From: Christoph Hellwig <hch@lst.de>
Date: Thu, 7 Jul 2022 16:07:06 +0000 (+0200)
Subject: separate general requirement from specific NVMe/TCP requirement
X-Git-Tag: draft-hellwig-nfsv4-scsi-layout-nvme-03~2
X-Git-Url: https://www.infradead.org/git/?a=commitdiff_plain;h=401a23516a14642c598868cac7bb96f88c115f47;p=users%2Fhch%2Fscsi-layout-nvme.git

separate general requirement from specific NVMe/TCP requirement

From David Black
---

diff --git a/scsi_nvme_middle.xml b/scsi_nvme_middle.xml
index 82b9fc7..f140bcf 100644
--- a/scsi_nvme_middle.xml
+++ b/scsi_nvme_middle.xml
@@ -249,10 +249,14 @@
   <t>
     It is the responsibility of those administering and deploying
     pNFS with an NVMe layout to ensure that appropriate protection is
-    deployed to that protocol.

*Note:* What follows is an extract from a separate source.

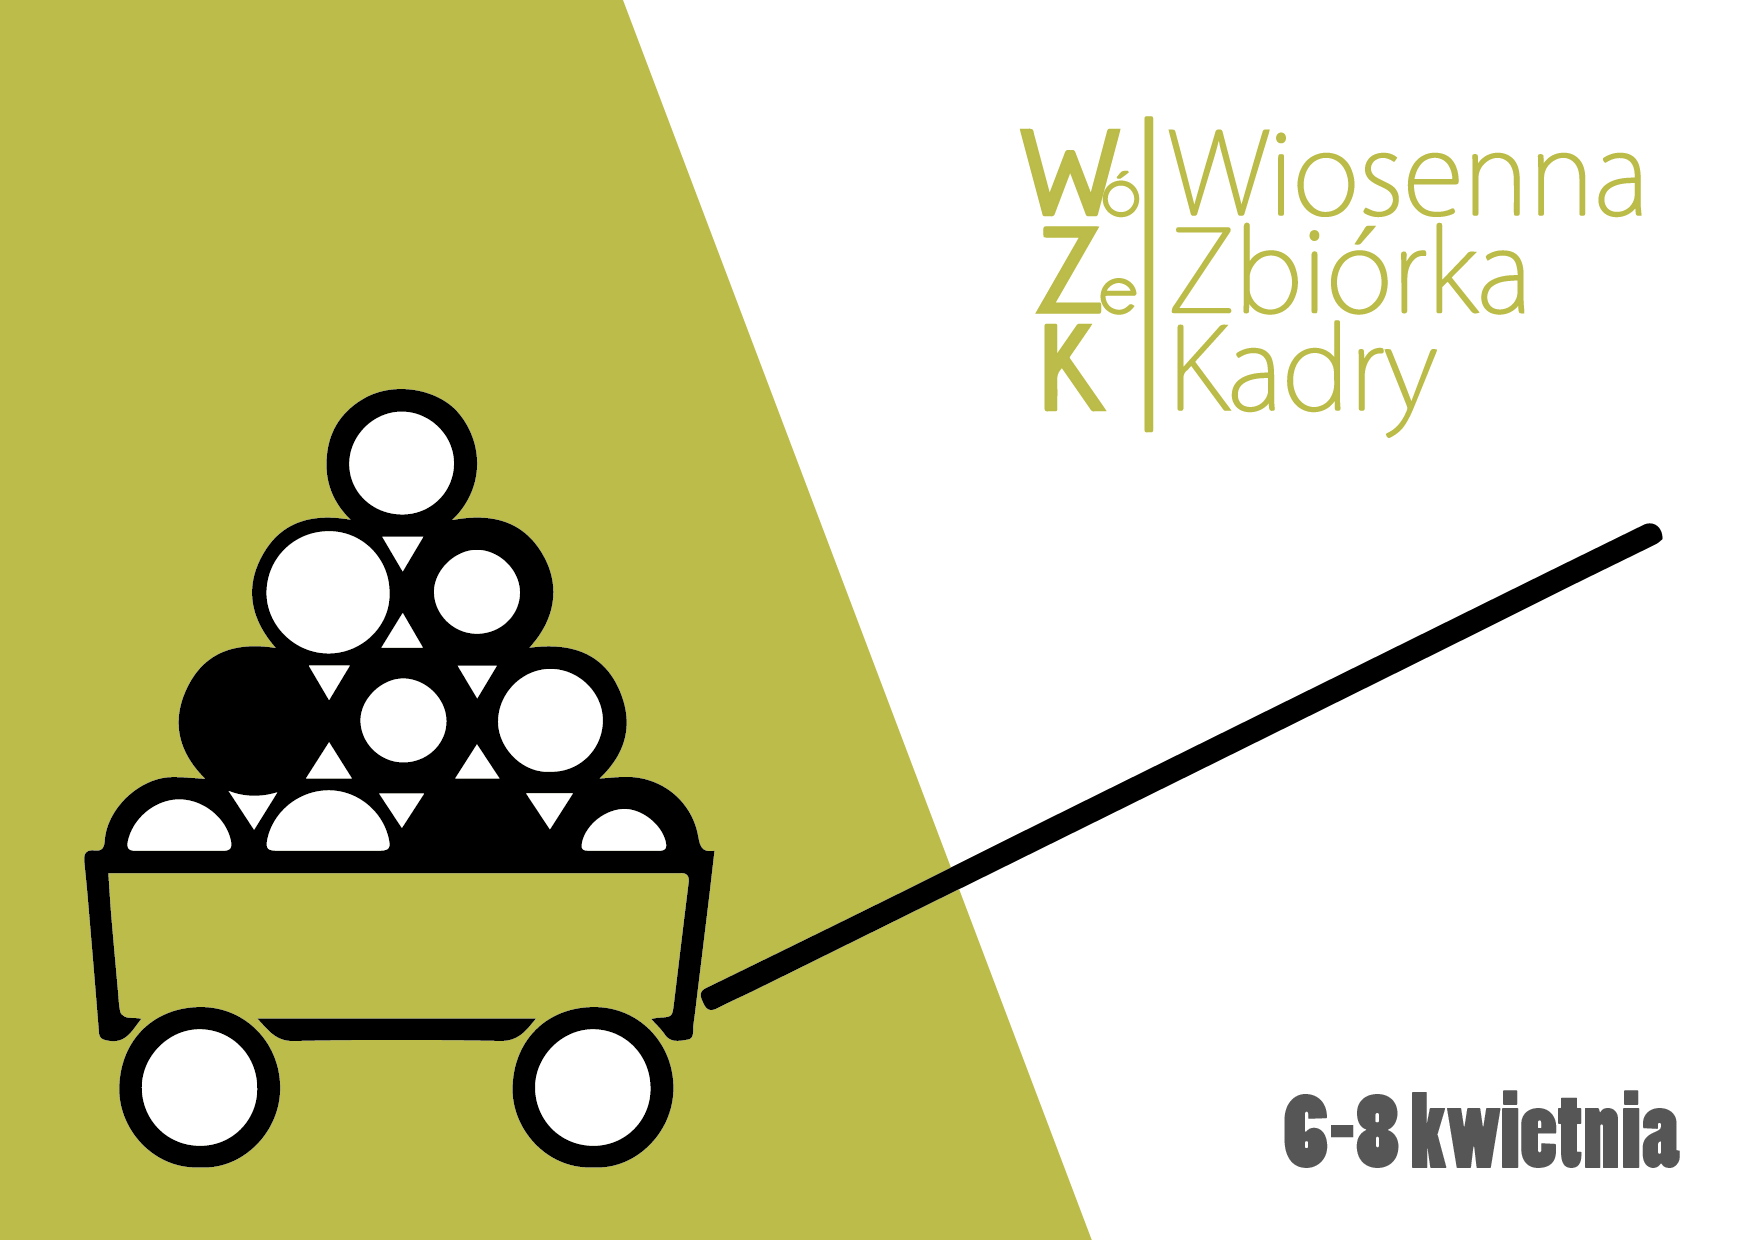 Wiosenna Zbiórka Kadry 06-08.04.2018

When using IP-based storage protocols
-    such as NVMe on TCP, TLS <xref target="RFC8446" /> SHOULD be used
-    as outlined in <xref target="NVME-TCP" /> to protect traffic between
-    pNFS clients and NVMe storage devices.
+    deployed to that protocol.
+    When using IP-based storage protocols such as NVMe over TCP, data
+    confidentiality and integrity SHOULD be provided for traffic between
+    pNFS clients and NVMe storage devices by using a secure communication
+    protocol such as TLS  <xref target="RFC8446" />.  For NVMe over TCP,
+    TLS SHOULD be used as described in <xref target="NVME-TCP" /> to
+    protect traffic between pNFS clients and NVMe namespaces used as
+    storage devices.
   </t>
   <t>
     Physical security is a common means for protocols not based on IP.